> _Exercise_
Among the entries below, only the lines starting at the one with "Dave takes a" and ending at the one with "Roger Taylor - 'Taylored'", both included, are to be printed exactly.

(Beginning of Records for processing)

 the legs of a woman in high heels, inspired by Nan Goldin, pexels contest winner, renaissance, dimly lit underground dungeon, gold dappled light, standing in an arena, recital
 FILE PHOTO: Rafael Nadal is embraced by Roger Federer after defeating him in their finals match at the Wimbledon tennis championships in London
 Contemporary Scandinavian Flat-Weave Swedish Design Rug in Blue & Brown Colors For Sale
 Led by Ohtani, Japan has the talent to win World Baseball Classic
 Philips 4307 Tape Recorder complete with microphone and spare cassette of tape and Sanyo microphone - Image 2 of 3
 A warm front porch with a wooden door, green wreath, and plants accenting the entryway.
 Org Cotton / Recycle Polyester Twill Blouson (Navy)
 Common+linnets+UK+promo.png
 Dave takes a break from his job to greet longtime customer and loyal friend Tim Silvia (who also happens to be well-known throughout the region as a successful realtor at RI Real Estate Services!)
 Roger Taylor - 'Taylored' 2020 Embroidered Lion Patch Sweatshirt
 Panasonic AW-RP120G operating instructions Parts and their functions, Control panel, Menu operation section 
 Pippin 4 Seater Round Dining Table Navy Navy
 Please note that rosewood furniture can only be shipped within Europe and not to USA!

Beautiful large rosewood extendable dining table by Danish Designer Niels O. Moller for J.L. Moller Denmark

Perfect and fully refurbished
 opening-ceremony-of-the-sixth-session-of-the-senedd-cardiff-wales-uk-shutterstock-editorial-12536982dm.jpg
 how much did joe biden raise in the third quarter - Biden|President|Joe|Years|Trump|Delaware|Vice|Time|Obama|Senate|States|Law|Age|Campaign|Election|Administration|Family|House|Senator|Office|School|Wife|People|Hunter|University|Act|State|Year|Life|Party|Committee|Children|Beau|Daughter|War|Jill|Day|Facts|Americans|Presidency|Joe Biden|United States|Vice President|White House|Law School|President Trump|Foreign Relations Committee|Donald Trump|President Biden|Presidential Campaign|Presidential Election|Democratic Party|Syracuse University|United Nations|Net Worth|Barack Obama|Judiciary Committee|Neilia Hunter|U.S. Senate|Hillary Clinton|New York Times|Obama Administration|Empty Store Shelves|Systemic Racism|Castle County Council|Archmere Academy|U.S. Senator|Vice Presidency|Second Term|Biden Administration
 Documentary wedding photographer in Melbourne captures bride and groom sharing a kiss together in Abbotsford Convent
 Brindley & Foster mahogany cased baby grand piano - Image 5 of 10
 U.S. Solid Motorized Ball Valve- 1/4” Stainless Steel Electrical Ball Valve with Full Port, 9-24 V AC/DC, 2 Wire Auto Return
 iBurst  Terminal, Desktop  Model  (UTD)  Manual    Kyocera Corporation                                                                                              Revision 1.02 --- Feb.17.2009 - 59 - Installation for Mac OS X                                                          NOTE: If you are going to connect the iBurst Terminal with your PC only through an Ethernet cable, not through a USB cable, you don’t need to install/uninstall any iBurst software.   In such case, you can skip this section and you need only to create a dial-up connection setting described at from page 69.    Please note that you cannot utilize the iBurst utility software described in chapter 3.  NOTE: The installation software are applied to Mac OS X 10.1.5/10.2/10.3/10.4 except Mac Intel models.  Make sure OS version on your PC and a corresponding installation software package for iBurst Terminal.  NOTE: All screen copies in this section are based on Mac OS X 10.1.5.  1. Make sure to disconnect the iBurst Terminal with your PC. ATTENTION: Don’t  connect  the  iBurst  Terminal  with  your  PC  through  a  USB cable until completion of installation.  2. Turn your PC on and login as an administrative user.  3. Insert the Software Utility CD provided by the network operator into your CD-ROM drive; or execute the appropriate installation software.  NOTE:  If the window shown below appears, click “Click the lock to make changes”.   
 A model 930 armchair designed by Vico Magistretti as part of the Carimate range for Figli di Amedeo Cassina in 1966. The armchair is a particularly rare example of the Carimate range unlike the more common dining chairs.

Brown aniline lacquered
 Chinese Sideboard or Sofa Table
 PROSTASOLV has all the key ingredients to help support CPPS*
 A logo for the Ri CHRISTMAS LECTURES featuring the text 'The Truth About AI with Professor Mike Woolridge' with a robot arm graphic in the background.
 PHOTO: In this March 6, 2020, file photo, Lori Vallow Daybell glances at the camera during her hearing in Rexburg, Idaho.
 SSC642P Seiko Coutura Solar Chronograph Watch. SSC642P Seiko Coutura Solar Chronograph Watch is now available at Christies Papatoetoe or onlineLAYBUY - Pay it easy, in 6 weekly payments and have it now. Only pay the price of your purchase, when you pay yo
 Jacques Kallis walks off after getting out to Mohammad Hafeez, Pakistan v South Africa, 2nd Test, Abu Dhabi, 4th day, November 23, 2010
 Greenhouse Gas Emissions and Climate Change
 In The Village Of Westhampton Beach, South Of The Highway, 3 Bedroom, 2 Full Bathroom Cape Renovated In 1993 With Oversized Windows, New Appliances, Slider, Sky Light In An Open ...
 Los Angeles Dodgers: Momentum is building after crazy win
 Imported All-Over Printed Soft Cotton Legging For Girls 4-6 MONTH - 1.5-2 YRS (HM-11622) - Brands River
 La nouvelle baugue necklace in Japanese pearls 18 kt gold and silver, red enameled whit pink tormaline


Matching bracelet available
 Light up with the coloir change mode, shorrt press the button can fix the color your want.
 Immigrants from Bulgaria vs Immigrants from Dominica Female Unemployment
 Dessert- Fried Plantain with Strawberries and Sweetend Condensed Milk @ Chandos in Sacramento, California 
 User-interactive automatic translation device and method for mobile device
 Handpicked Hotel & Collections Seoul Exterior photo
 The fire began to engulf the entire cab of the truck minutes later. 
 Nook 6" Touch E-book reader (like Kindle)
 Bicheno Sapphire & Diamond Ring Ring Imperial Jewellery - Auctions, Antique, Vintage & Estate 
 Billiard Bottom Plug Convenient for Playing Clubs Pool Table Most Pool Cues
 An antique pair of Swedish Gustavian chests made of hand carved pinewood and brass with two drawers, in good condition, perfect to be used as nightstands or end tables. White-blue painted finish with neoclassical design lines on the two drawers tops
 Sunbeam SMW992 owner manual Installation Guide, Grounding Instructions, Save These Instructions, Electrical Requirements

(End of Records for processing)

> _Task answer_
 Dave takes a break from his job to greet longtime customer and loyal friend Tim Silvia (who also happens to be well-known throughout the region as a successful realtor at RI Real Estate Services!)
 Roger Taylor - 'Taylored' 2020 Embroidered Lion Patch Sweatshirt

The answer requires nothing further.